Tribal Tech, which has six albums out, goes from loud rock ("But we're nowhere near as loud as a rock band") to soft jazz, focusing on originals. These days the players are increasingly into playing free--numbers that are composed on the spot.

"If you play a composition more than a few times and it's coming out the same because there's not a lot of room for improvisation, you can go crazy," said Henderson, who has played with the likes of Chick Corea and Joe Zawinul.

"That's why I love free music. Sometimes it sucks, but when it's good, it's amazing."

Back at home, the guitarist, a native of West Palm Beach, Fla., has become a regular at La Ve Lee in Studio City. He plays there tonight and May 22. The bands are quartets like Tribal Tech, and often feature Tech's keyboardist Scott Kinsey and drummer Kirk Covington.

Instead of Willis, though, Henderson hires acoustic bassists like Tom Warrington, who appears tonight. And he focuses on jazz standards by the likes of Wayne Shorter and plenty of free numbers. "I like to play free about half the night," he said.

These tunes start anywhere by anybody and can become anything.

"Somebody just launches it, and the other guys fall in and play," Henderson said. "The music is completely open so it could be funk, a ballad, kind of a floating tune where there isn't necessarily any set bar lengths. "Sometimes it's even noise, more about making sounds than making music, like sounds from a horror movie score," said Henderson, who then added with a laugh, "We might do one of those, depending on how many Tequila Sunrises we drink."
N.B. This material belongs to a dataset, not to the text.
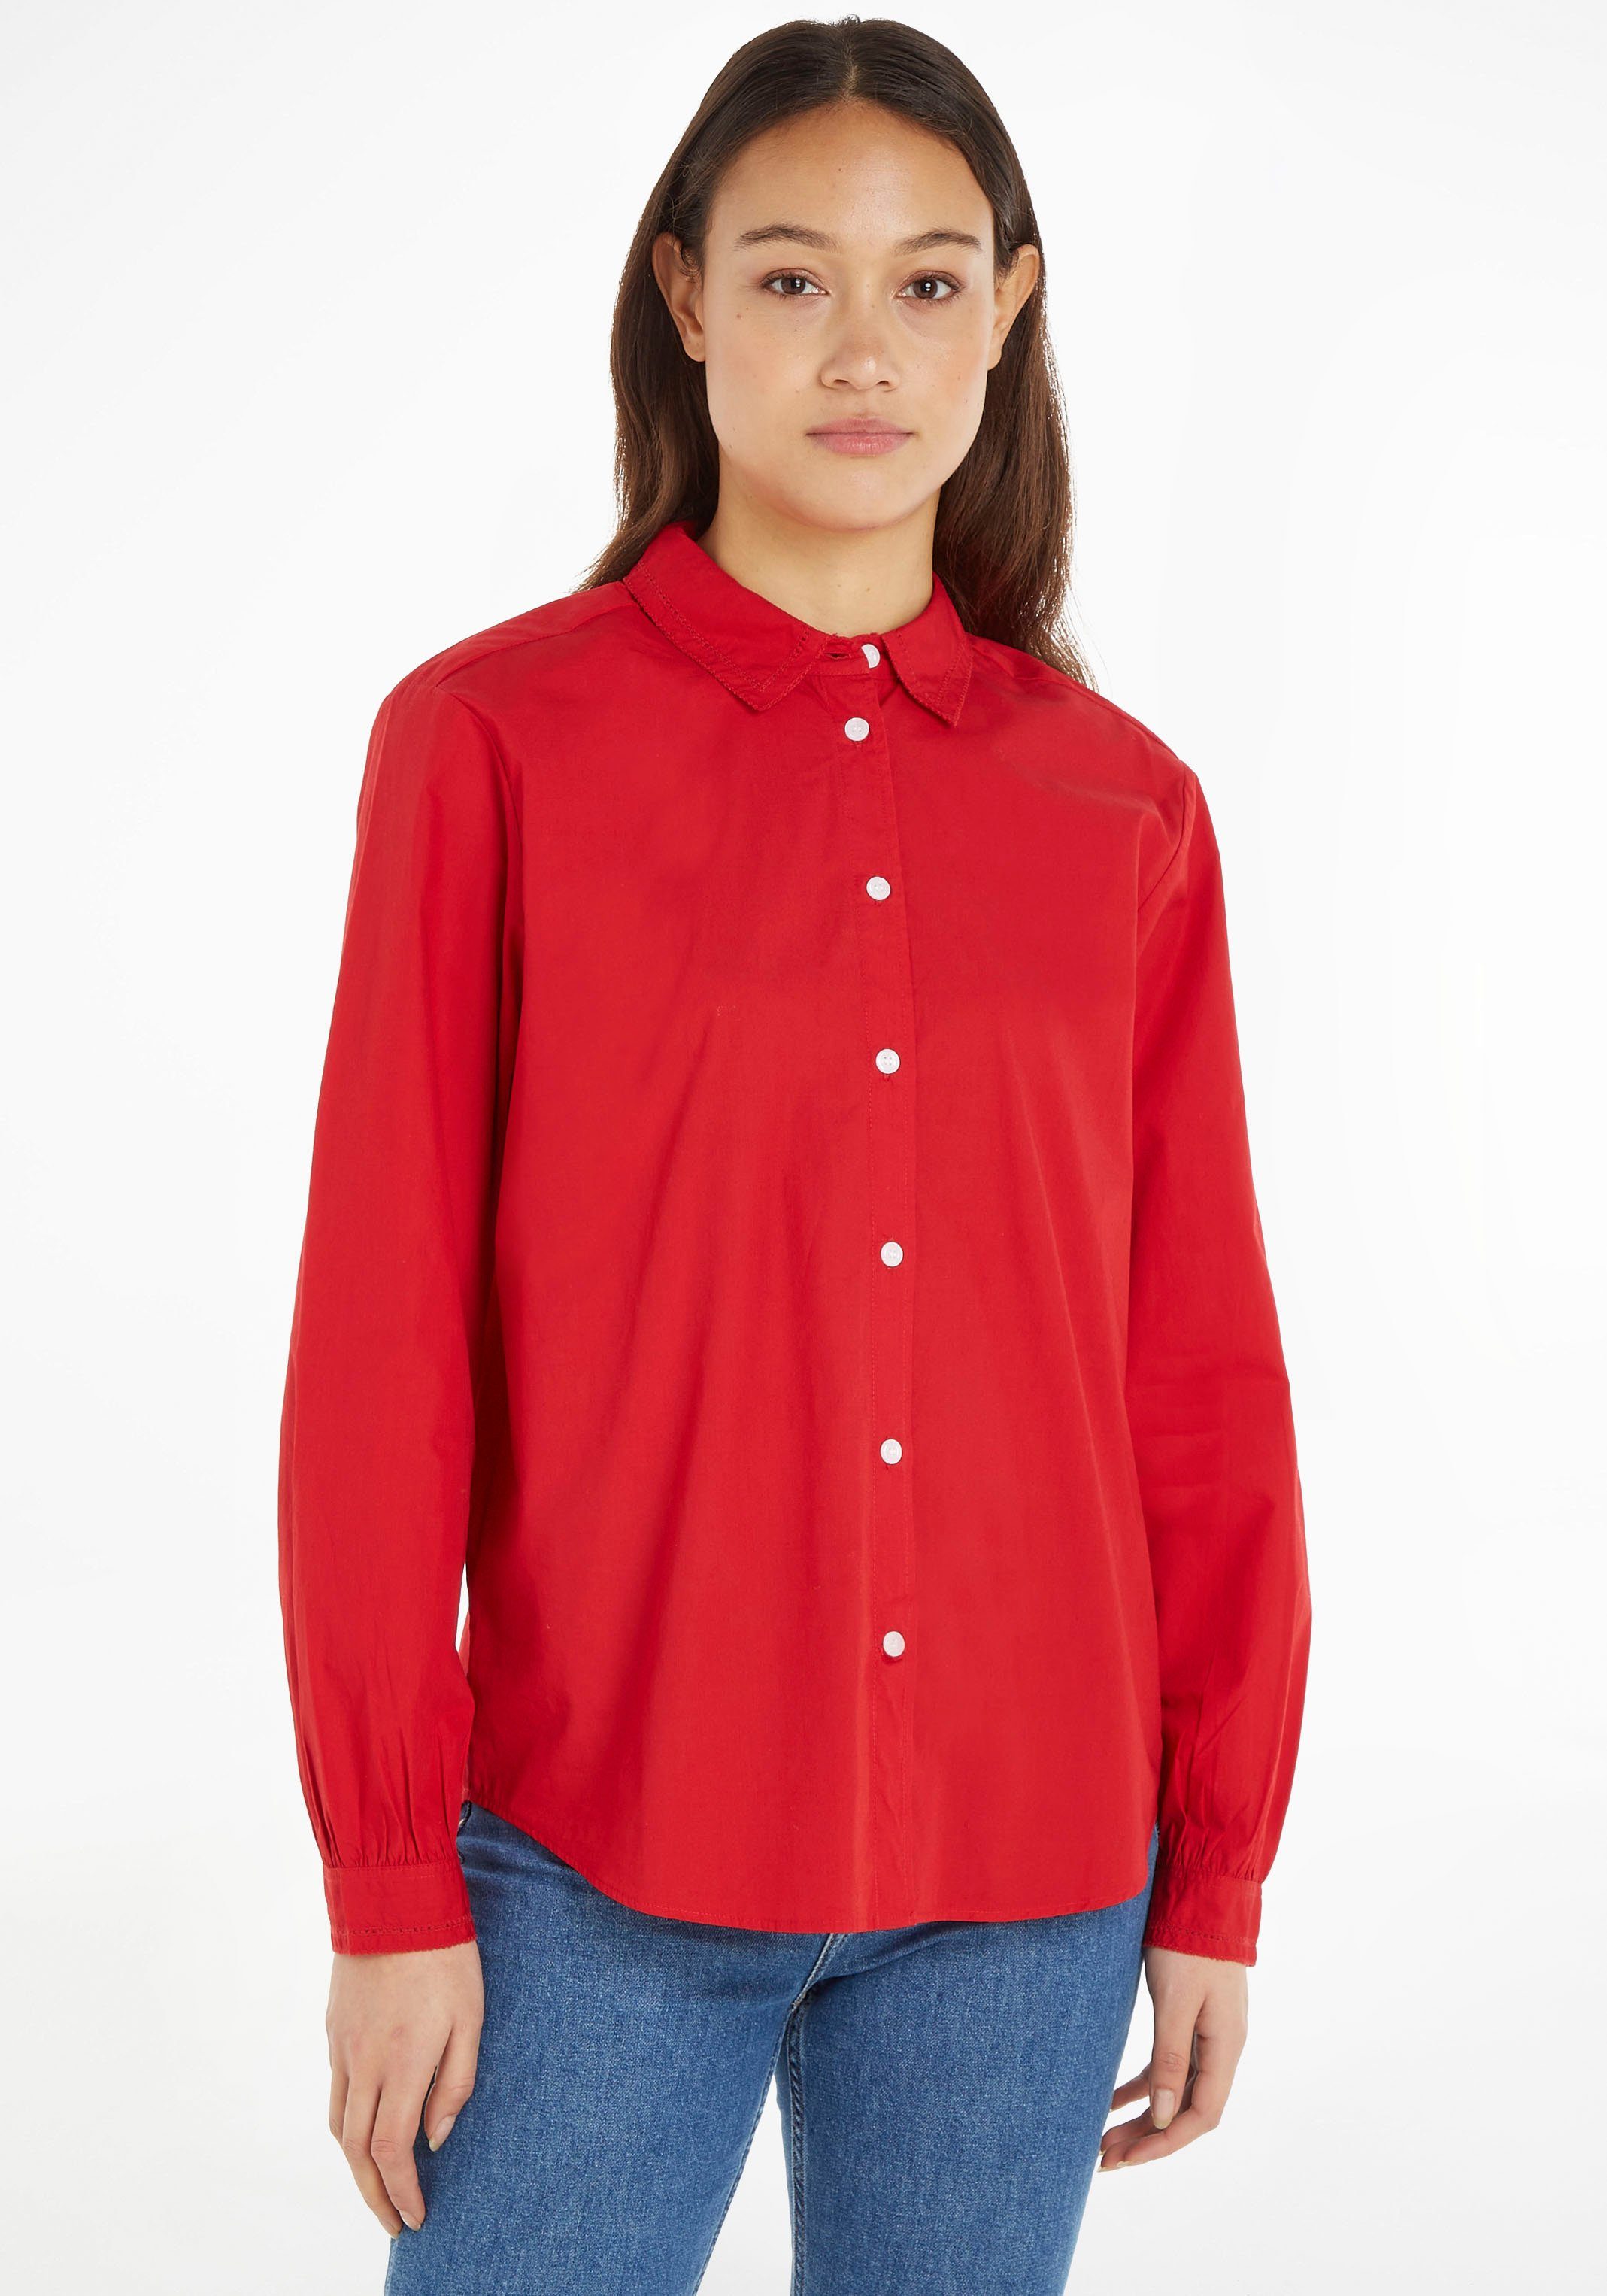 Rote Tommy Hilfiger Blusen für Damen online kaufen | OTTO

* Scott Henderson's quartet plays tonight, 9:30 and 11:30 p.m., at La Ve Lee, 12514 Ventura Blvd., Studio City. Cover charge, $5, two-drink minimum. Information: (818) 980-8158.

*

Reunion, Sort Of: Pianist Karen Hernandez and drummer Earl Palmer go way back. They used to be part of a trio--with bassist Eugene Wright. Starting in the late '70s, the group held down the fort at the Money Tree in Toluca Lake.

For well over a decade now, Hernandez and Palmer have pretty much gone their separate ways, Karen playing at Monteleone's in Tarzana and Miceli's in Hollywood, while Earl has been hosting the heralded Tuesday night jam at Chadney's in Burbank.

On Friday, the pair will get together again at Chadney's. Dennis Duke, who books the club, wanted to add Wright and make it a real reunion, but the bassist was not available. So Brad Bobo, one of Hernandez's favorites, will fill that chair. "He's great and can play all styles," said the pianist.

Hernandez is looking forward to playing with Palmer, a member of the Rock and Roll Hall of Fame for his appearances on recordings by Little Richard, Fats Domino and many other New Orleans-based artists in the 1950s. "Earl's really a good swing player, so we'll probably stick mostly to stuff that swings," she said.

"I like that style because it's fun to play. But we might do other things, too. I'll just have to wait and feel out the audience. I can adapt to whatever mood there is."